---
name: llm-fine-tuning-guide
description: Master fine-tuning of large language models for specific domains and tasks. Covers data preparation, training techniques, optimization strategies, and evaluation methods. Use when adapting models for specialized applications, reducing inference costs, or improving domain-specific performance.
---

# LLM Fine-Tuning Guide

Master the art of fine-tuning large language models to create specialized models optimized for your specific use cases, domains, and performance requirements.

## Overview

Fine-tuning adapts pre-trained LLMs to specific tasks, domains, or styles by training them on curated datasets.

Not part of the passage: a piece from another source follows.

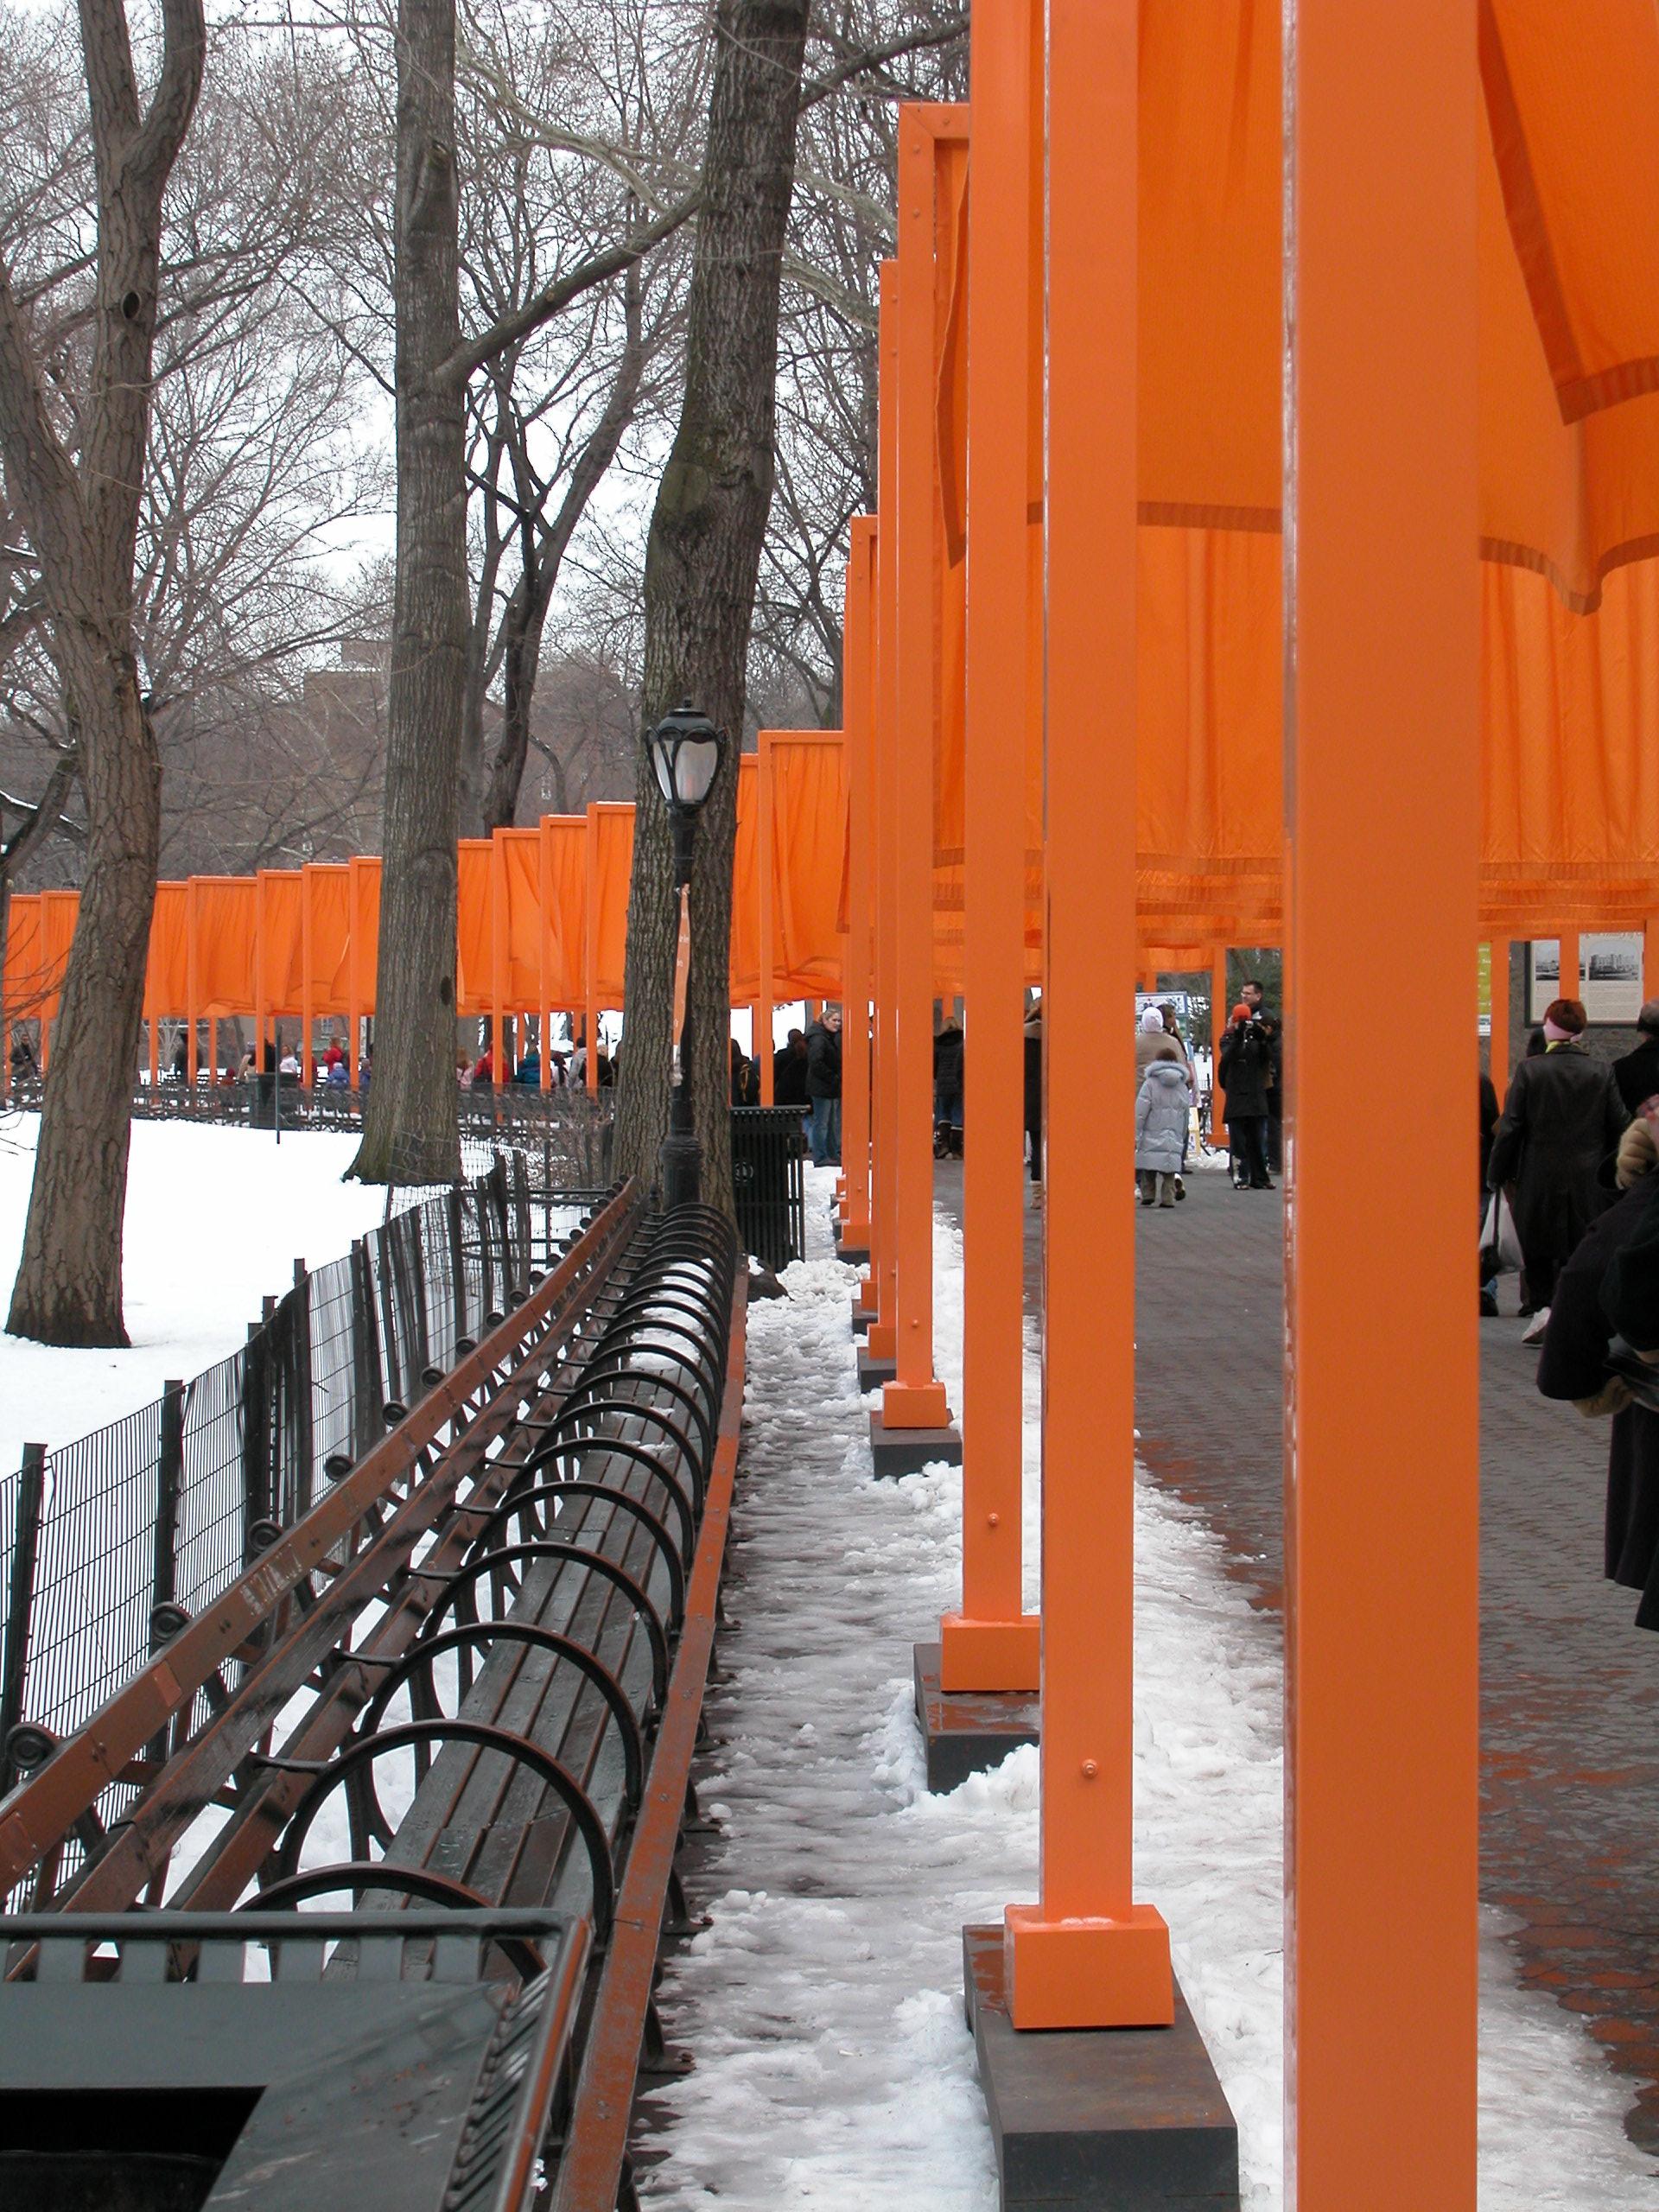 The Gates - Central Park 02-2005 007

This improves accuracy, reduces hallucinations, and optimizes costs.

### When to Fine-Tune

- **Domain Specialization**: Legal documents, medical records, financial reports
- **Task-Specific Performance**: Better results on specific tasks than base model
- **Cost Optimization**: Smaller fine-tuned model replaces expensive large model
- **Style Adaptation**: Match specific writing styles or tones
- **Compliance Requirements**: Keep sensitive data within your infrastructure
- **Latency Requirements**: Smaller models deploy faster

### When NOT to Fine-Tune

- One-off queries (use prompting instead)
- Rapidly changing information (use RAG instead)
- Limited training data (< 100 examples typically insufficient)
- General knowledge questions (base model sufficient)

## Quick Start

**Full Fine-Tuning**:
```bash
python examples/full_fine_tuning.py
```

**LoRA (Recommended for most cases)**:
```bash
python examples/lora_fine_tuning.py
```

**QLoRA (Single GPU)**:
```bash
python examples/qlora_fine_tuning.py
```

**Data Preparation**:
```bash
python scripts/data_preparation.py
```

## Fine-Tuning Approaches

### 1. Full Fine-Tuning

Update all model parameters during training.

**Pros**:
- Maximum performance improvement
- Can completely rewrite model behavior
- Best for significant domain shifts

**Cons**:
- High computational cost
- Requires large dataset (1000+ examples)
- Risk of catastrophic forgetting
- Long training time

```python
from transformers import AutoModelForCausalLM, AutoTokenizer, TrainingArguments, Trainer

model_id = "meta-llama/Llama-2-7b"
model = AutoModelForCausalLM.from_pretrained(model_id)
tokenizer = AutoTokenizer.from_pretrained(model_id)

training_args = TrainingArguments(
    output_dir="./fine-tuned-llama",
    num_train_epochs=3,
    per_device_train_batch_size=4,
    gradient_accumulation_steps=4,
    learning_rate=2e-5,
    weight_decay=0.01,
    logging_steps=10,
    save_steps=100,
    eval_strategy="steps",
    eval_steps=50,
    load_best_model_at_end=True,
)

trainer = Trainer(
    model=model,
    args=training_args,
    train_dataset=train_dataset,
    eval_dataset=eval_dataset,
)

trainer.train()
```

### 2. Parameter-Efficient Fine-Tuning (PEFT)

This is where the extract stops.